RESULTS Control sections of the supraspinatus tendon from elderly individuals showed thinning of the fascicles and broadening of the endotenon space, which contained a number of prominent vascular channels. Collagen type III staining was found in the endotenon but was absent in the adjacent fascicles (Fig. 2). In all of the specimens of cuff tearing the usual architecture of the tendon, which is characterized by fascicles in parallel arrangement with the intervening endotenon, could not be recognized in the stump area. The torn margins showed fronds of tendinous tissue in close proximity to bursal tissue. There was a significant degree of fibrovascular proliferation in the thickened bursal wall. Cellular as well as vascular proliferation occurred in the tendon tissue, not only at the region of the tear but also close to the margins of surgical resection . Most of the proliferating cells in the tendon substance appeared to be plump mesenchymal cells. Inflammatory cells were not present.
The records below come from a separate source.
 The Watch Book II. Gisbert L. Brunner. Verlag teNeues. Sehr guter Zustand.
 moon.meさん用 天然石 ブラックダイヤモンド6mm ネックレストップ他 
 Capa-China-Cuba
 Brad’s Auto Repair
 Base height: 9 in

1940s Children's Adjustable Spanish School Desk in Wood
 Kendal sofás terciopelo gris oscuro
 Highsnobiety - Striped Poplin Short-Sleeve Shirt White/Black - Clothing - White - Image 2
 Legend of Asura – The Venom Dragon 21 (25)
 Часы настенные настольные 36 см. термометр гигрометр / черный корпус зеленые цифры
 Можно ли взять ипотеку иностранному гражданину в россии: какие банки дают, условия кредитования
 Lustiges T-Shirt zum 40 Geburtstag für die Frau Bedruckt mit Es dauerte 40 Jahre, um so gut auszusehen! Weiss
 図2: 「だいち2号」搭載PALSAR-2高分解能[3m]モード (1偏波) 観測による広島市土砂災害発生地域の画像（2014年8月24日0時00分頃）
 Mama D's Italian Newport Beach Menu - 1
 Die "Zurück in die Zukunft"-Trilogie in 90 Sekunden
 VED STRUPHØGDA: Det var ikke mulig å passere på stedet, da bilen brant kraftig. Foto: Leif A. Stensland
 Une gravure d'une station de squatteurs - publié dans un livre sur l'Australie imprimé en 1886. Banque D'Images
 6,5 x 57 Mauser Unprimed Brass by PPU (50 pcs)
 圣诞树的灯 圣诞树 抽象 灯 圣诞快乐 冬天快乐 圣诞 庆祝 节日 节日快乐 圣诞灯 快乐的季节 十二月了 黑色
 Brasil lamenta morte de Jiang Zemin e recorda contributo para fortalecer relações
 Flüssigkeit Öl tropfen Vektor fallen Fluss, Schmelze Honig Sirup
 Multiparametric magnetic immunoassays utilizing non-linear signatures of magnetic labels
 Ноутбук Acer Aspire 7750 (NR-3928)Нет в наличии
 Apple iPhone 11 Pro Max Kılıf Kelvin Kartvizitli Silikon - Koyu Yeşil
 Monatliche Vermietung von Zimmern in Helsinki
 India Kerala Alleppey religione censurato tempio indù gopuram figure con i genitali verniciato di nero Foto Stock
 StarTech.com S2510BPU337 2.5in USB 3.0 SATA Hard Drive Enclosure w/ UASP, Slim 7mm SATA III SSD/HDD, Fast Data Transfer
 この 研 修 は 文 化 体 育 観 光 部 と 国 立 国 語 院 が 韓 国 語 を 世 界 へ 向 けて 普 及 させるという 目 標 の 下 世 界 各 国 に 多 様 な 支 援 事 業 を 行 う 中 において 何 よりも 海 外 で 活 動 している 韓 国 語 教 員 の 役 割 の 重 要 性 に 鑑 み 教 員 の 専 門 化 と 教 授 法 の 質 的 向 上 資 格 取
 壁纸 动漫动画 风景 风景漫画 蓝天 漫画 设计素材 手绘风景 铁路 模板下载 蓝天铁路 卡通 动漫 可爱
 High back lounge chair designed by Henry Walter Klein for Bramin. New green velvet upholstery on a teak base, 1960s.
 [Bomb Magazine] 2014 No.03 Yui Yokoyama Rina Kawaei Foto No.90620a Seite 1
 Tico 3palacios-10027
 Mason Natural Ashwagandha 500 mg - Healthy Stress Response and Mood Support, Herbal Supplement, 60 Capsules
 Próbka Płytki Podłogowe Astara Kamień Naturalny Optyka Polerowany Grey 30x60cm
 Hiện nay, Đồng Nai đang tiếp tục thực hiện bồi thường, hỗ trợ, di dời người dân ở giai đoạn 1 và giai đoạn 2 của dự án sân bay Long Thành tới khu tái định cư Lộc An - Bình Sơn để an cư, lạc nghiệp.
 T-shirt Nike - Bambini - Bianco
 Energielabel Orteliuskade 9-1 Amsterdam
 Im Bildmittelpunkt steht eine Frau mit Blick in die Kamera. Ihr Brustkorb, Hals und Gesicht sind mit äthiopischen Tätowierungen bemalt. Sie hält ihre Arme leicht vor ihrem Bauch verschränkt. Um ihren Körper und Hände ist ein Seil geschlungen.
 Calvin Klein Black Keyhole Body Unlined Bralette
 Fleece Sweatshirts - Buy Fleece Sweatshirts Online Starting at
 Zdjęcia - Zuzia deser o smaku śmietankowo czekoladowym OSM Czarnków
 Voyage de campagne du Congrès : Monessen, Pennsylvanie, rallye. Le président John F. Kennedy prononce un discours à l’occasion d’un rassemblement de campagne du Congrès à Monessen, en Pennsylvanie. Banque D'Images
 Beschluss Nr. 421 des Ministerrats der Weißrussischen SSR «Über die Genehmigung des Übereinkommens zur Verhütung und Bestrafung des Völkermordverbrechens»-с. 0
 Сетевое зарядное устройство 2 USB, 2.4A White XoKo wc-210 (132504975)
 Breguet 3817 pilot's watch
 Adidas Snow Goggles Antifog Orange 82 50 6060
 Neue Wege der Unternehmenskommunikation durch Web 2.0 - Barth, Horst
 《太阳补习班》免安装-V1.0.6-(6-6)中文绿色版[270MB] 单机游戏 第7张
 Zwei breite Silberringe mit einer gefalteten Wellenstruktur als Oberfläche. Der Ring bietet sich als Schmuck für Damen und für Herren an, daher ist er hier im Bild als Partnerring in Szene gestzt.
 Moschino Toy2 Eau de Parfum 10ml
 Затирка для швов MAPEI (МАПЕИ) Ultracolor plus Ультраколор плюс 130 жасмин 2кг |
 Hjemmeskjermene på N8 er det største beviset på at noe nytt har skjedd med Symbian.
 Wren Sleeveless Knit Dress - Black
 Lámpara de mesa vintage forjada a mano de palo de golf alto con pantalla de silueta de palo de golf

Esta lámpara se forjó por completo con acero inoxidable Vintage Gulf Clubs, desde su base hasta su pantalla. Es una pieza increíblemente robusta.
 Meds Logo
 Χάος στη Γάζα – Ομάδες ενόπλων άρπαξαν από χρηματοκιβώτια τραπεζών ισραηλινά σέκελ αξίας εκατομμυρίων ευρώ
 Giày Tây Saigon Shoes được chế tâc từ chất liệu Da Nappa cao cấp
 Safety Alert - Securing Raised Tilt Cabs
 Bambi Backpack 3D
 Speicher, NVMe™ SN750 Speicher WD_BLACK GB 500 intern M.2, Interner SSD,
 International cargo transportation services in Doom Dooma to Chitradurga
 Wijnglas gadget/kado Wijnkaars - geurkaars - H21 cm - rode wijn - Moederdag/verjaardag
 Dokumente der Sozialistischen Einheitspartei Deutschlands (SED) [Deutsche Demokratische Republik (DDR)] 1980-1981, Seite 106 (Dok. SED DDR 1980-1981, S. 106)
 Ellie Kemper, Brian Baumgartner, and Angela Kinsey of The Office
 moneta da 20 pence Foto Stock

Cellular and vas-

eular proliferation was conspicuous in all of the representative sections taken from the medial, lateral, anterior, and posterior segments of the specimens . Collagen type III staining was predominant in areas around the vessels and contiguous with the mesenchymal cells. The fibrillary staining often lacked specific orientation, although its major concentration around the vessels in the bursal tissue gave it a concentric appearance (Fig. 3). In the tendon substance, vascular proliferation was comparatively much less than in the bursa, and the presence of collagen type III was more visible in relation to proliferating cells (Fig. 4). Staining in connection with the cells could also be seen in the fronds at the tear margins, which were devoid of vascular channels (Fig. 5).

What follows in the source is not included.